The Gang of 8 proposal will give amnesty to virtually every single illegal immigrant living here. Like the failed 2007 amnesty, they say citizenship is “contingent upon our success in securing our borders.” The illegal aliens will be able to live and work in the US immediately, but they will not be given citizenship until a commission declares that the border is secure. However, the Democrats have already admitted that the commission will be powerless. According to Greg Sargent in the Washington Post, “Democratic Senators reassured immigration advocates that this commission won’t be constructed in a way that will hold up the process for too long.” He continues, quoting amnesty lobbyist Frank Sharry, “Democrats realize that they can’t ‘allow the commission to have a real veto.’”

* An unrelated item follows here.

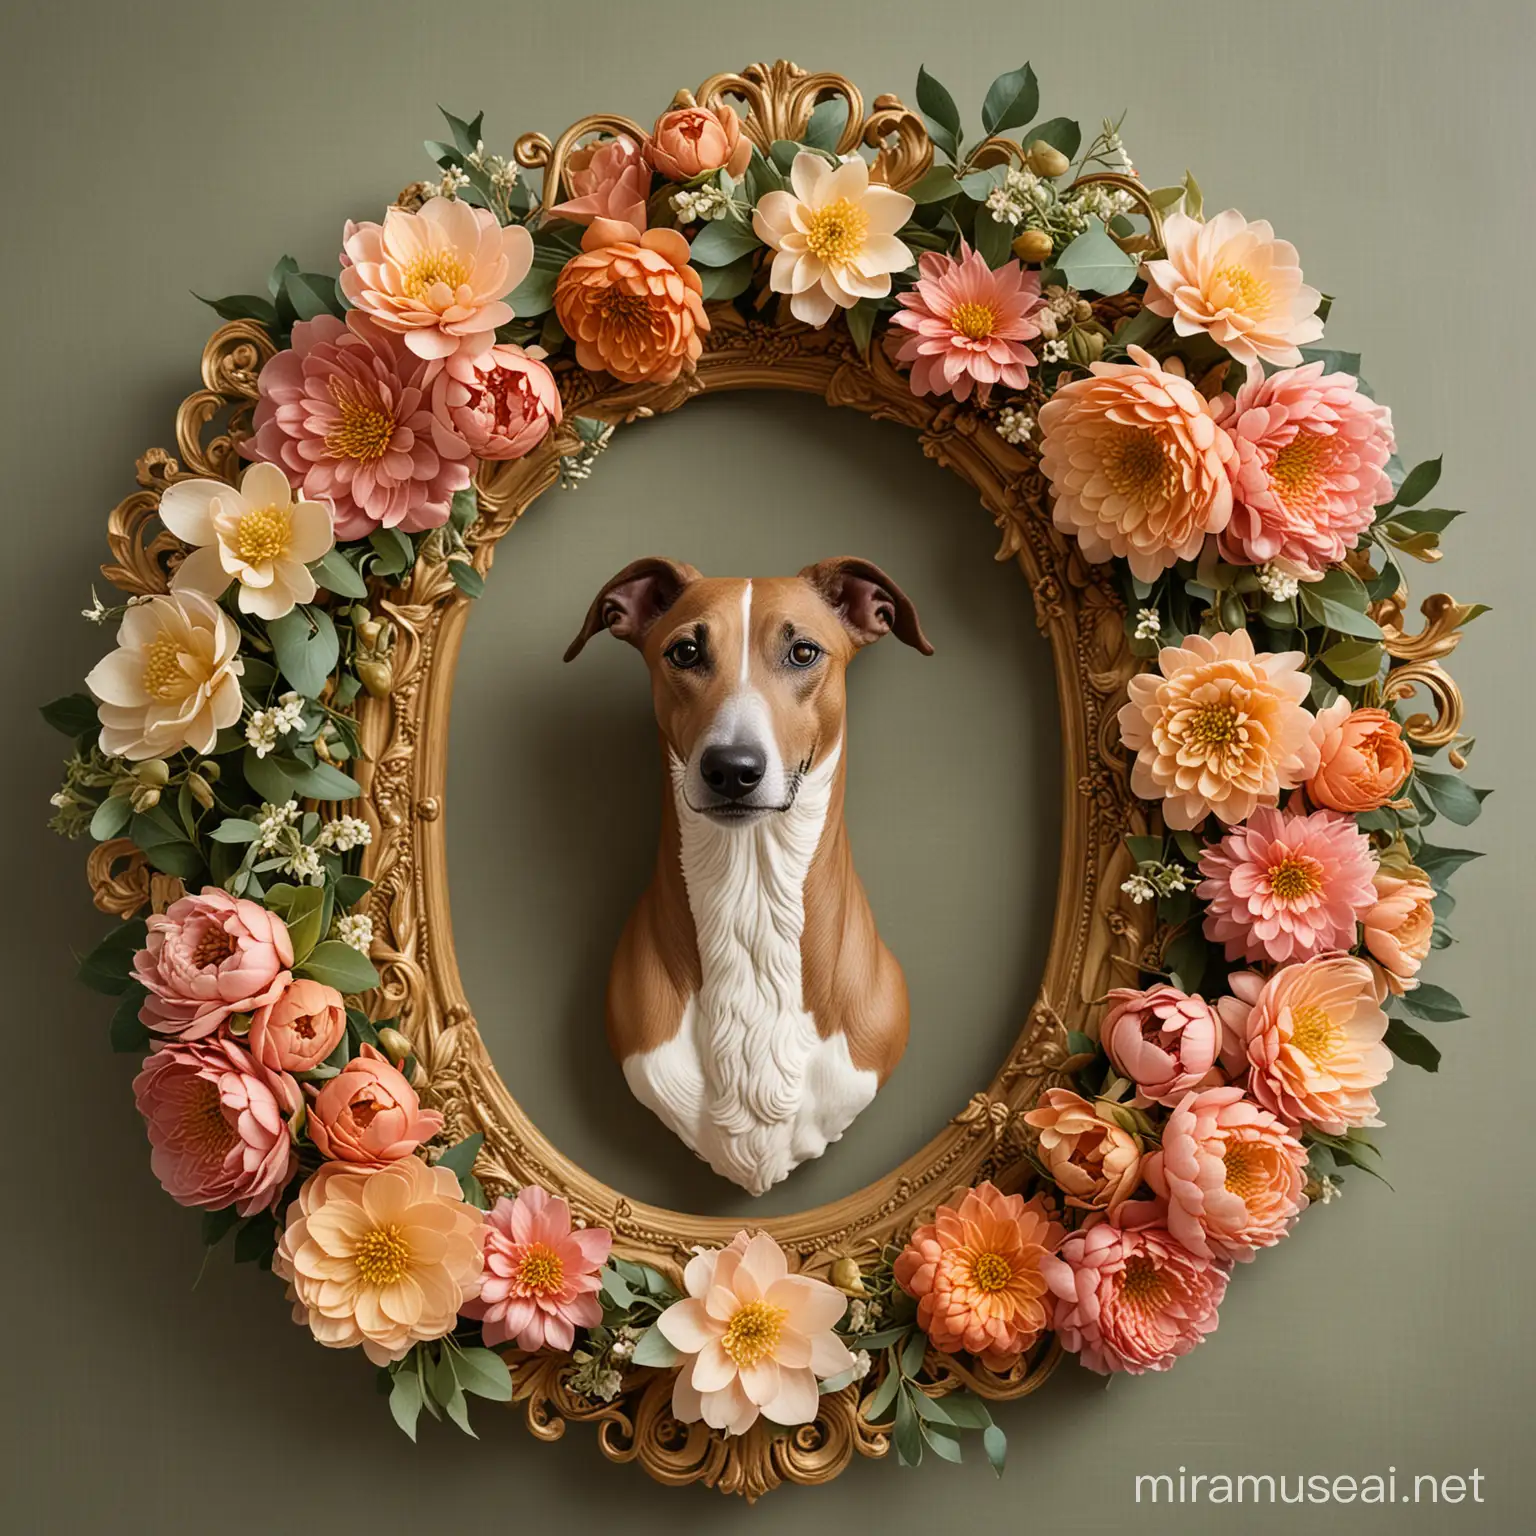 An oval gold picture frame with carved in flowers, draped in garlands of eucalyptus leaves and flowers, hellebore flowers, peony flowers and dahlia flowers. A bust of a brindle colored greyhound surrounded by chinese paper lanterns is inside the frame.

In 2006, Flake, Schumer, Graham, Durbin, and McCain all voted for the Secure Fence Act that was supposedly going to create a border fence. However, the Democratic Congress cut the funding for the fence and it was never built. The new blueprint says nothing about a border fence or troops on the ground, but merely increasing “infrastructure” and “technology,” something that both President Bush and Obama claimed they had already done. In fact, in 2011, Janet Napolitano said “The border is better now than it ever has been.”

The Gang of 8 also promises workforce verification, by “developing a tough, fair, effective and mandatory employment verification system.” Sounds good, except that there already is a tough, fair, and effective employment verification system called E-Verify. However, the Gang’s proposal does not mention E-Verify. We can only assume that they will eliminate the program and replace it with a new program that is filled with loopholes.

The proposal also massively increases legal immigration. It calls for unlimited high skilled immigration and massive low skilled guest worker programs. They also propose that the amnestied illegal immigrants will not receive green cards until “every individual who is already waiting in line for a green card, at the time this legislation is enacted, has received their green card.” Even though America issues over one million green cards each year, there are over 4.5 million people on the wait list, which is 20 years long in some categories. So either there will be over a 20 year wait for the new illegals to get amnesty, or else they will expedite those waiting, leading to an increase of millions of legal immigrants.

Thus far, the Gang of 8 released a 4 page summary of their plan that will inevitably turn into a bill that is hundreds if not thousands of pages long. You can be sure that the final product will have tons of loopholes that I have not even contemplated.

Listening to the media, one would think that the support of a few establishment Republicans who always supported amnesty for this bill represents a major shift in the political winds. Yet I heard the exact same talk in 2006 and 2007. We stopped amnesty then, and we can stop it again.